‘And your husband responded to this appeal?’
Hilda said:
‘His acceptance was, I am afraid, all my doing—I misunderstood the situation.’
Poirot interposed. He said:
‘Will you be so kind as to explain yourself a little more clearly, madame? I think what you can tell us may be of value.’
She turned to him immediately.
She said:
‘At that time I had never seen my father-in-law. I had no idea what his real motive was. I assumed that he was old and lonely and that he really wanted to be reconciled to all his children.’
‘And what was his real motive, in your opinion, madame?’
Hilda hesitated a moment. Then she said slowly:
‘I have no doubt—no doubt at all—that what my father-in-law really wanted was not to promote peace but to stir up strife.’
‘In what way?’
Hilda said in a low voice:
‘It amused him to—to appeal to the worst instincts in human nature. There was—how can I put it?—a kind of diabolical impishness about him. He wished to set every member of the family at loggerheads with one another.’

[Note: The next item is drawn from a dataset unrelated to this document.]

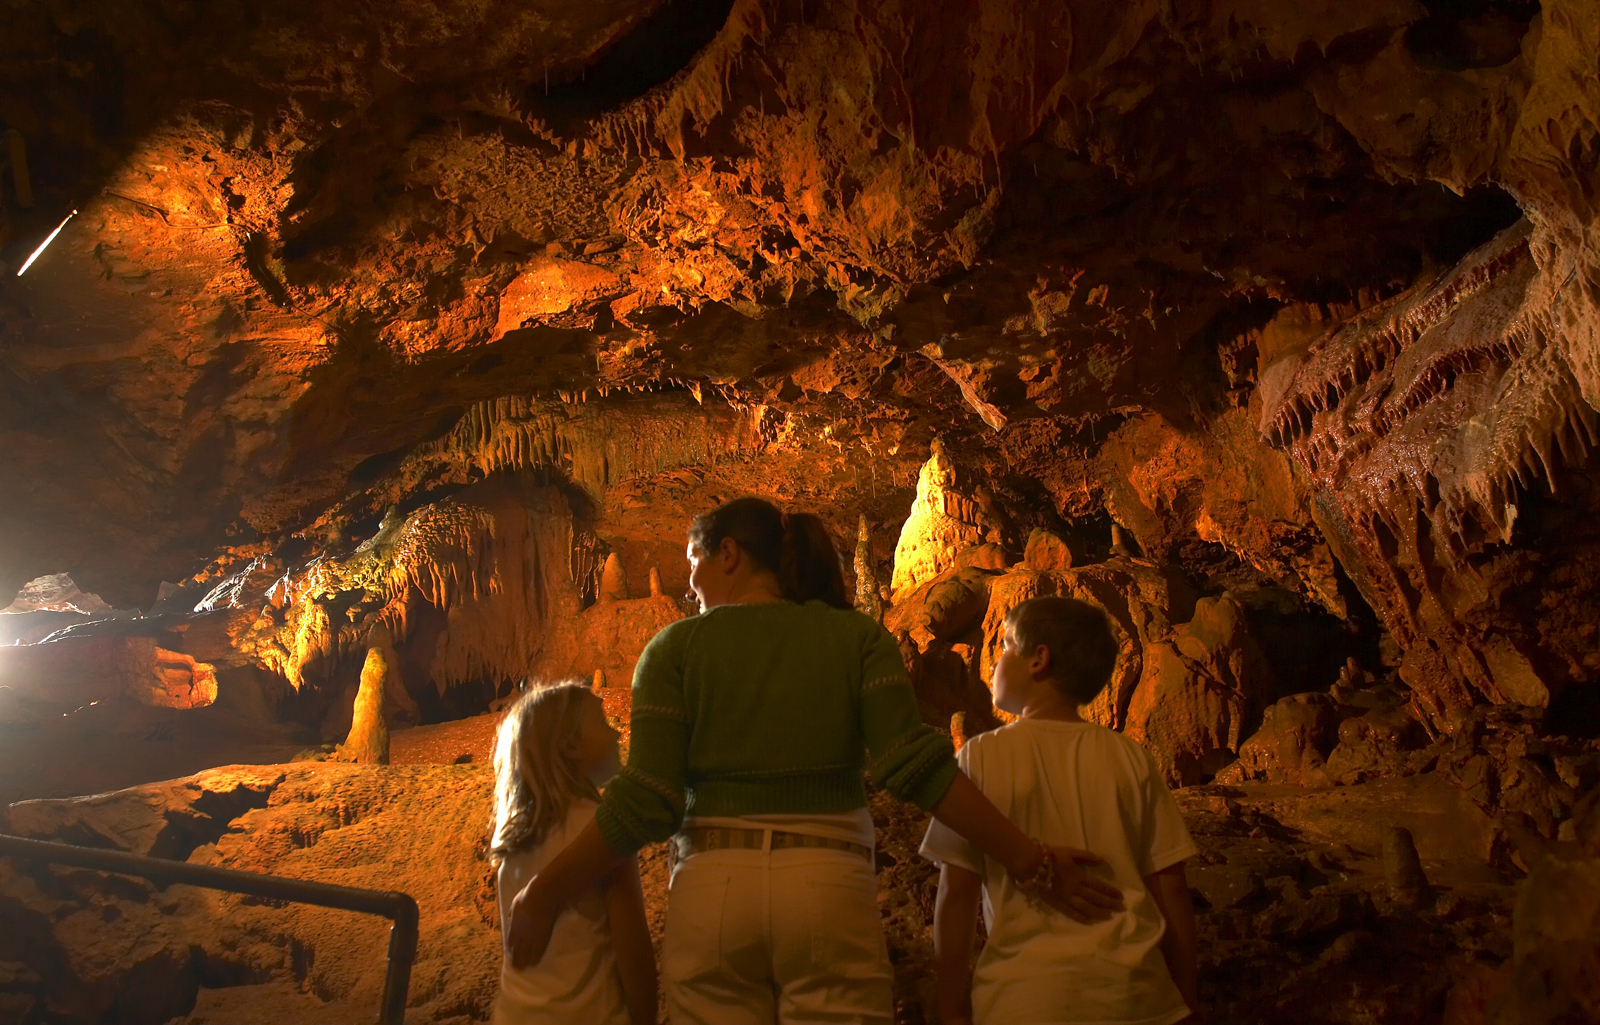 Kent's Cavern in Torquay an ideal place to visit when on a short break on The English Riviera.

Johnson said sharply: ‘And did he succeed?’
‘Oh, yes,’ said Hilda Lee. ‘He succeeded.’
Poirot said:
‘We have been told, madame, of a scene that took place this afternoon. It was, I think, rather a violent scene.’
She bowed her head.
‘Will you describe it to us—as truthfully as possible, if you please.’
She reflected a minute.
‘When we went in my father-in-law was telephoning.’
‘To his lawyer, I understand?’
‘Yes, he was suggesting that Mr—was it Charlton?—I don’t quite remember the name—should come over as he, my father-in-law, wanted to make a new will. His old one, he said, was quite out of date.’
Poirot said:
‘Think carefully, madame; in your opinion did your father-in-law deliberately ensure that you should all overhear this conversation, or was it just by chance that you overheard it?’
Hilda Lee said:
‘I am almost sure that he meant us to overhear.’
‘With the object of fomenting doubt and suspicions among you?’